Asosiasi Pengusaha Indonesia (Apindo) sudah menegaskan, nilai kenaikan ini tidak sesuai kemampuan keuangan mayoritas perusahaan yang sedang tertekan. Kebijakan itupun dituding akan memaksa perusahaan kembali melakukan PHK sebagai solusi jangka pendek untuk menekan biaya operasional.

Baca Juga: Unilever (UNVR) Buka-Bukaan Profit dan Pangsa Pasar Bisnis Es Krim Menyusut

Selain itu, ada rencana kenaikan pajak pertambahan nilai (PPN) dari 11% menjadi 12% pada 2025. Ini juga menimbulkan kekhawatiran kalangan pebisnis. Benar, kenaikan PPN bertujuan meningkatkan pendapatan negara. Tapi kenaikan PPN akan berdampak langsung pada meningkatnya biaya produksi, yang pada akhirnya memengaruhi profitabilitas dan keberlanjutan bisnis, khususnya perusahaan kecil dan menengah. Di saat yang sama, daya beli konsumen sedang melemah.

Para pengusaha juga masih gagap menghadapi rencana program pensiun tambahan berdasarkan Undang-Undang (UU) tentang Pengembangan dan Penguatan Sektor Keuangan (P2SK). Mereka menilai, sudah banyak program jaminan sosial yang telah memotong gaji pekerja dan meminta kontribusi perusahaan. Isu pensiun tambahan ini juga disebut-sebut ikut menyebabkan angka PHK bakal kian membeludak. Menghadapi gelombang PHK itu, pemerintah mengaku sudah memasang kuda-kuda. Kementerian Ketenagakerjaan akan membentuk tim khusus untuk membantu pengusaha yang tak mampu menerapkan UMP.  Tim ini berbeda dari Satgas PHK yang akan dibikin Kemenko Perekonomian dalam bentuk lintas kementerian. 

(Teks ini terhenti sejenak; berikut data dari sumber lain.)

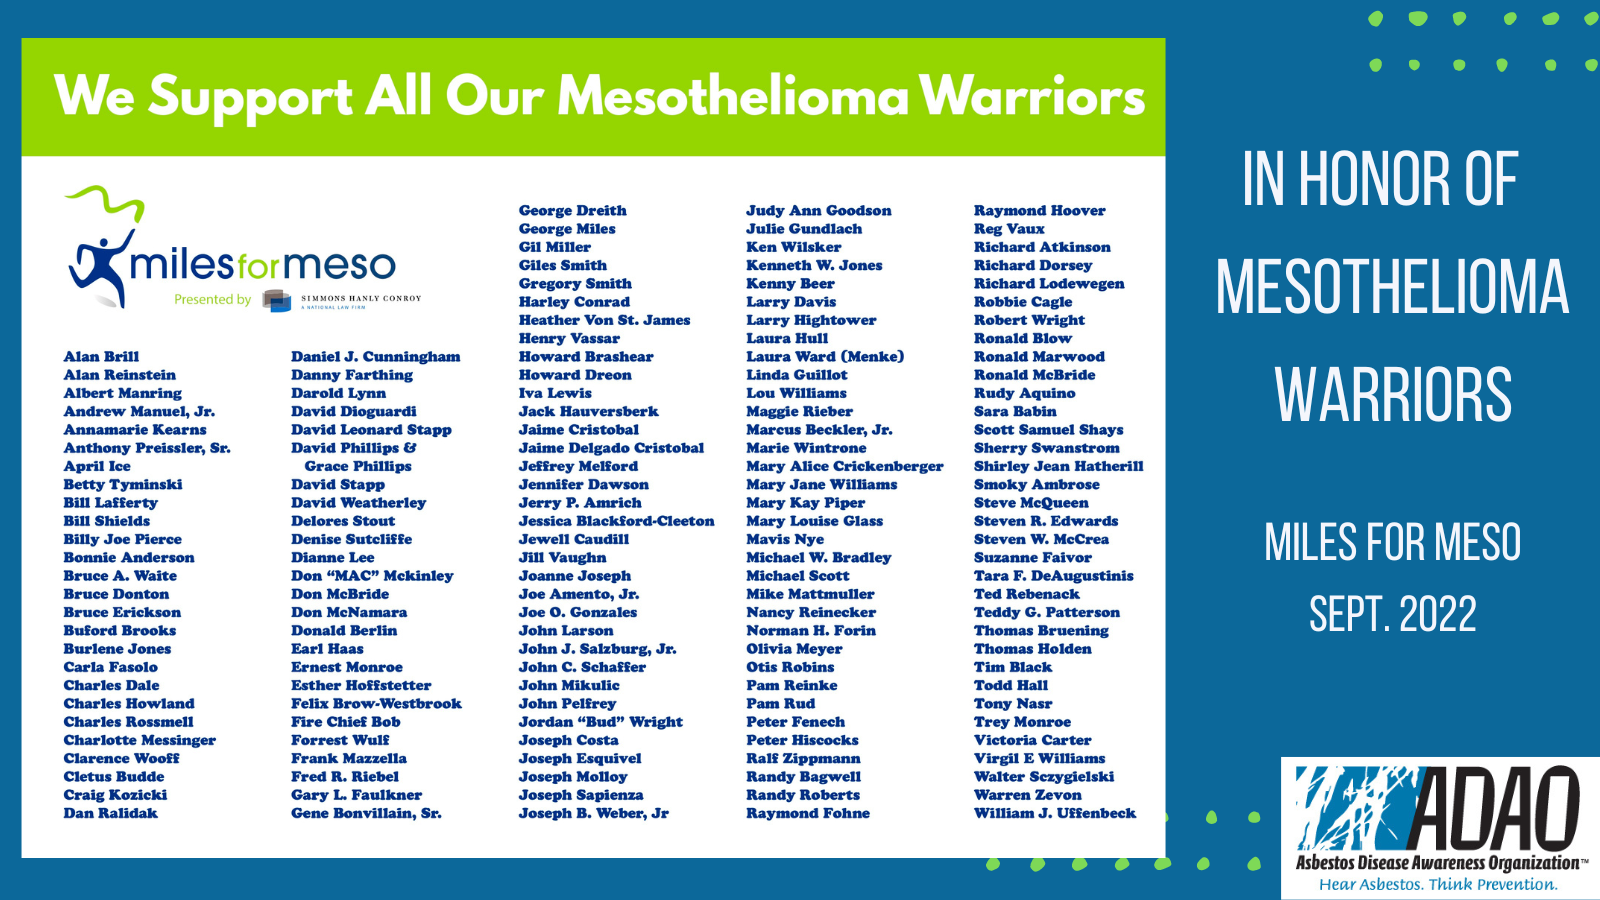 Miles for Meso 2022 Mesothelioma Warriors list ADAO Asbestos

Baca Juga: SRAJ Dapat Suntikan Dana, Begini Profil Emiten Rumah Sakit Milik Dato Sri Tahir

Masalahnya, belum jelas apa yang bakal dilakukan oleh Tim dan Satgas itu. Padahal, problem PHK tidak hanya disebabkan kenaikan UMP, PPN dan program pensiun tambahan. Ada masalah yang jauh lebih fundamental dalam perekonomian nasional yang membuat stagnasi ekonomi dan PHK sulit dihindari.

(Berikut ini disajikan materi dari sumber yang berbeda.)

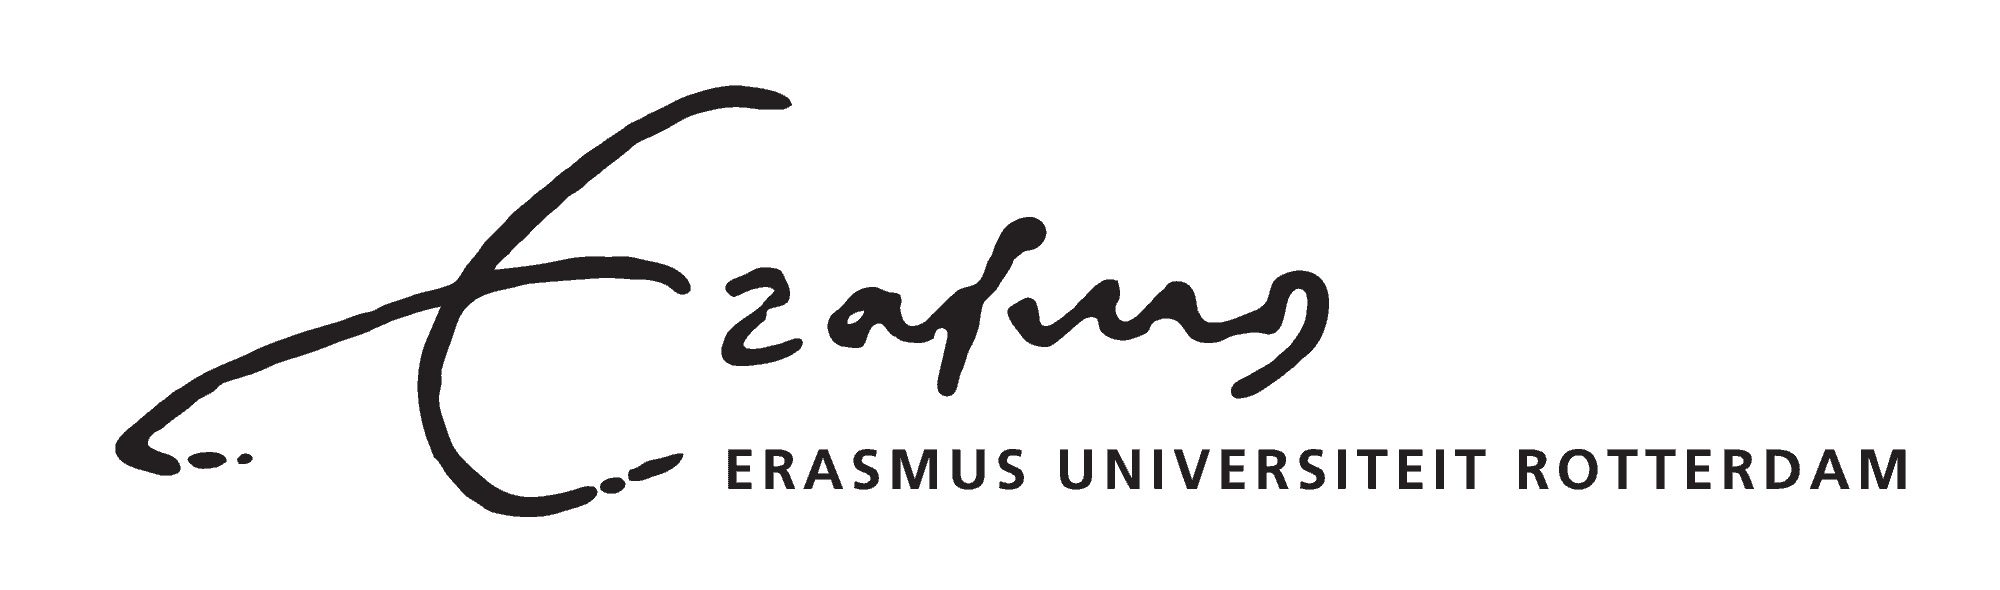 Alles over Erasmus universiteit rotterdam

Ledakan masuknya barang impor menjadi problem utama pelemahan industri domestik. Kendati neraca perdagangan Indonesia terus surplus dalam 54 bulan, produk impor barang jadi tetap merajalela. Industri tekstil, alas kaki dan elektronik yang paling terdampak. Apalagi, banyak barang impor yang masuk ilegal alias selundupan. Pemerintah sudah membentuk Satgas Impor Ilegal untuk bekerja enam bulan pada 2024. Hasilnya jauh dari memuaskan. Repotnya lagi, pelaku usaha mengalami keterbatasan akses pasar ekspor akibat belum rampungnya negosiasi perjanjian perdagangan European Union Comprehensive Economic Partnership Agreement (EU CEPA). Ini juga yang membuat produk Indonesia tidak kompetitif dibandingkan produk Vietnam, Malaysia atau Thailand.

Penurunan konsumsi

Daya beli masyarakat yang lemah juga menjadi tantangan. Pertumbuhan konsumsi rumah tangga hanya 4,91% pada kuartal III-2024, lebih rendah dari kuartal sebelumnya. Kondisi ini tidak hanya memengaruhi perusahaan yang bergantung pada pasar lokal, tetapi juga memperburuk ketidakstabilan ekonomi secara keseluruhan. Tak heran jika ekspektasi kalangan industriawan juga melesu. Nilai Purchasing Manager’s Index (PMI) Manufaktur Indonesia masih kontraktif pada November 2024, hanya 49,6. Posisi kontraksi ini, yang berada di bawah level 50, telah berlangsung lima bulan berturut-turut, sejak Juli 2024. Di sisi lain, pemerintah terlalu banyak memberikan insentif kepada industri hilirisasi mineral. Padahal serapan tenaga kerjanya lebih rendah dibandingkan manufaktur. 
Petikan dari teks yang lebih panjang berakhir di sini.